▶ **YOUR INSTRUCTIONS**
Starting at the line that contains "Hyperhomocysteinemia: How Does", return every line through the end of the data exactly, without pictures.

▶ **DATA BLOCK**
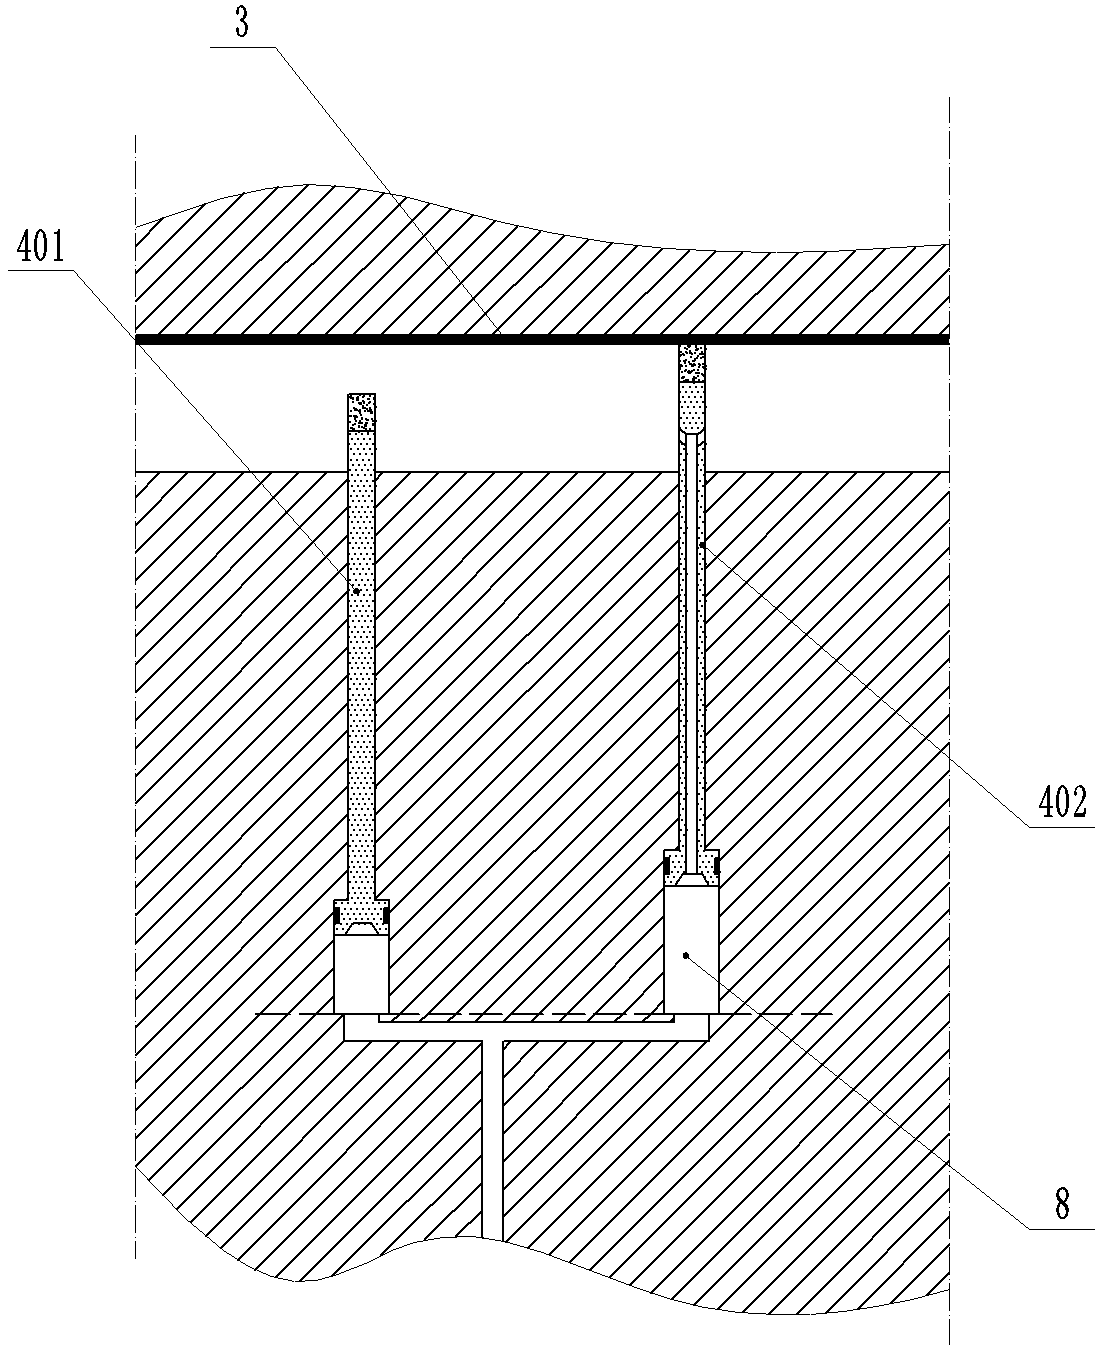 Secondary ejection mechanism for complex plastic product structure
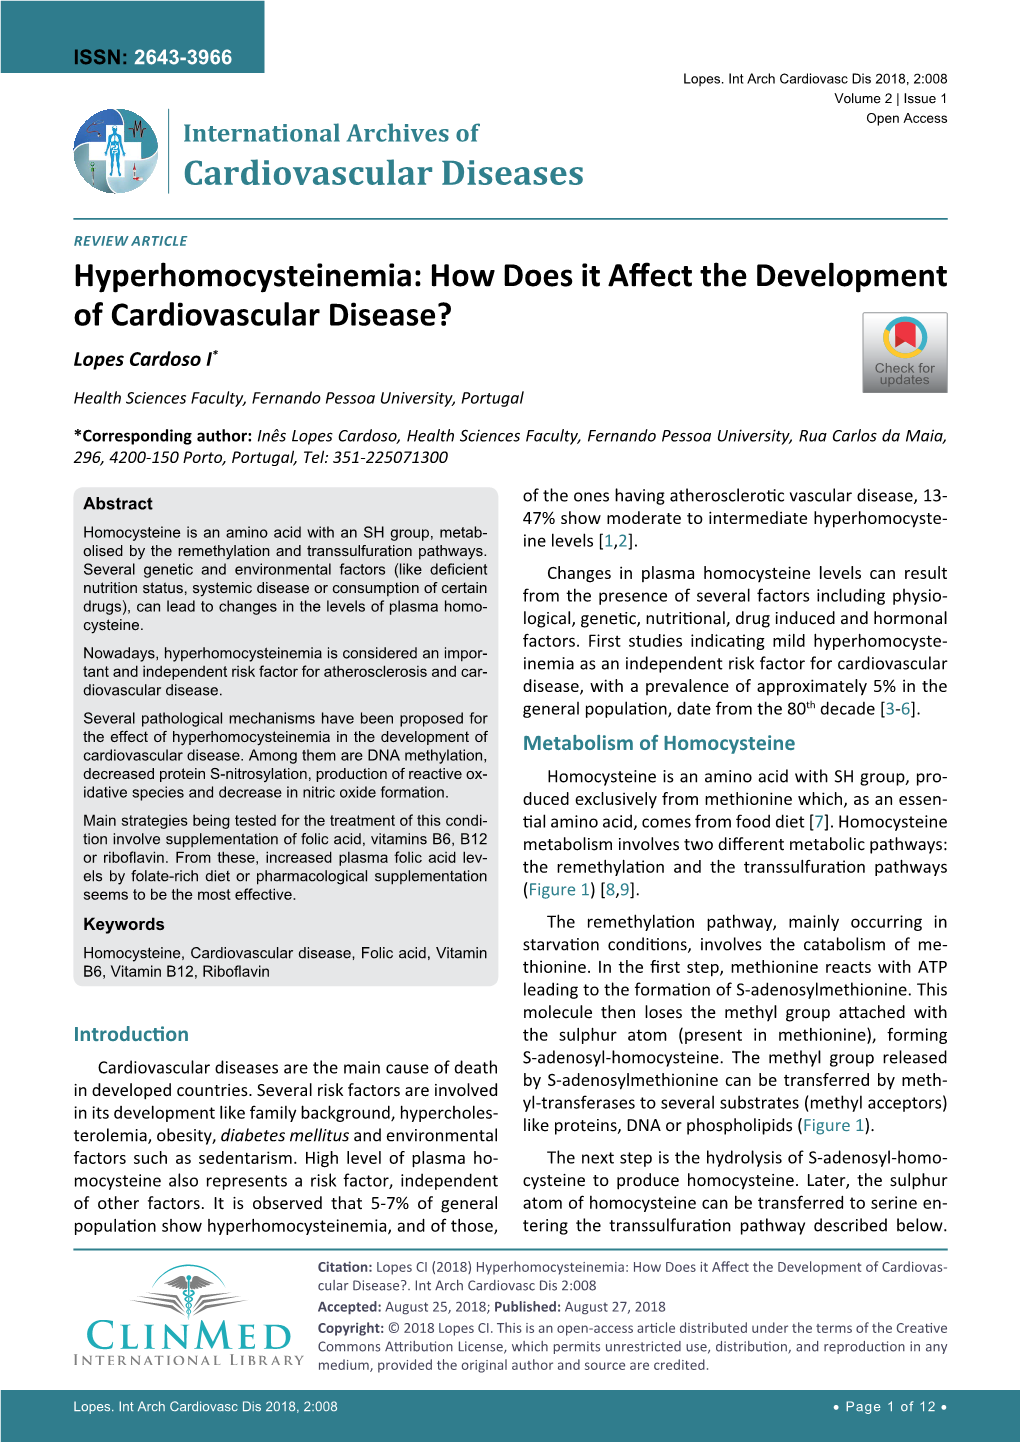 Hyperhomocysteinemia: How Does It Affect the Development of Cardiovascular Disease?
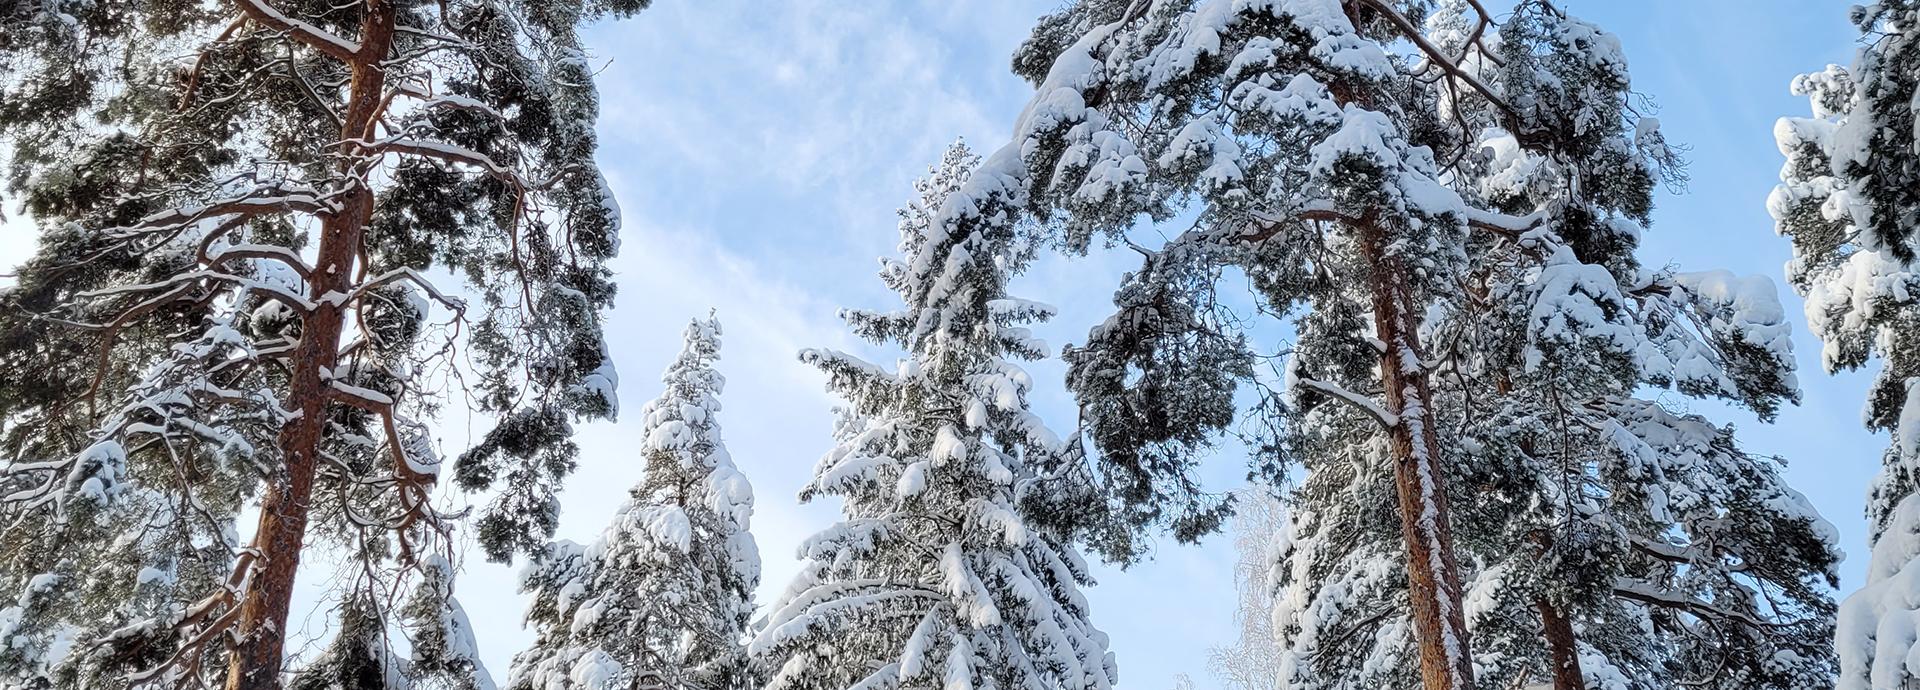 There are snowy pine trees, photographed from the ground up. The sky behind the trees is blue and sunny.

▶ **SOLUTION**
 Hyperhomocysteinemia: How Does It Affect the Development of Cardiovascular Disease?
 There are snowy pine trees, photographed from the ground up. The sky behind the trees is blue and sunny.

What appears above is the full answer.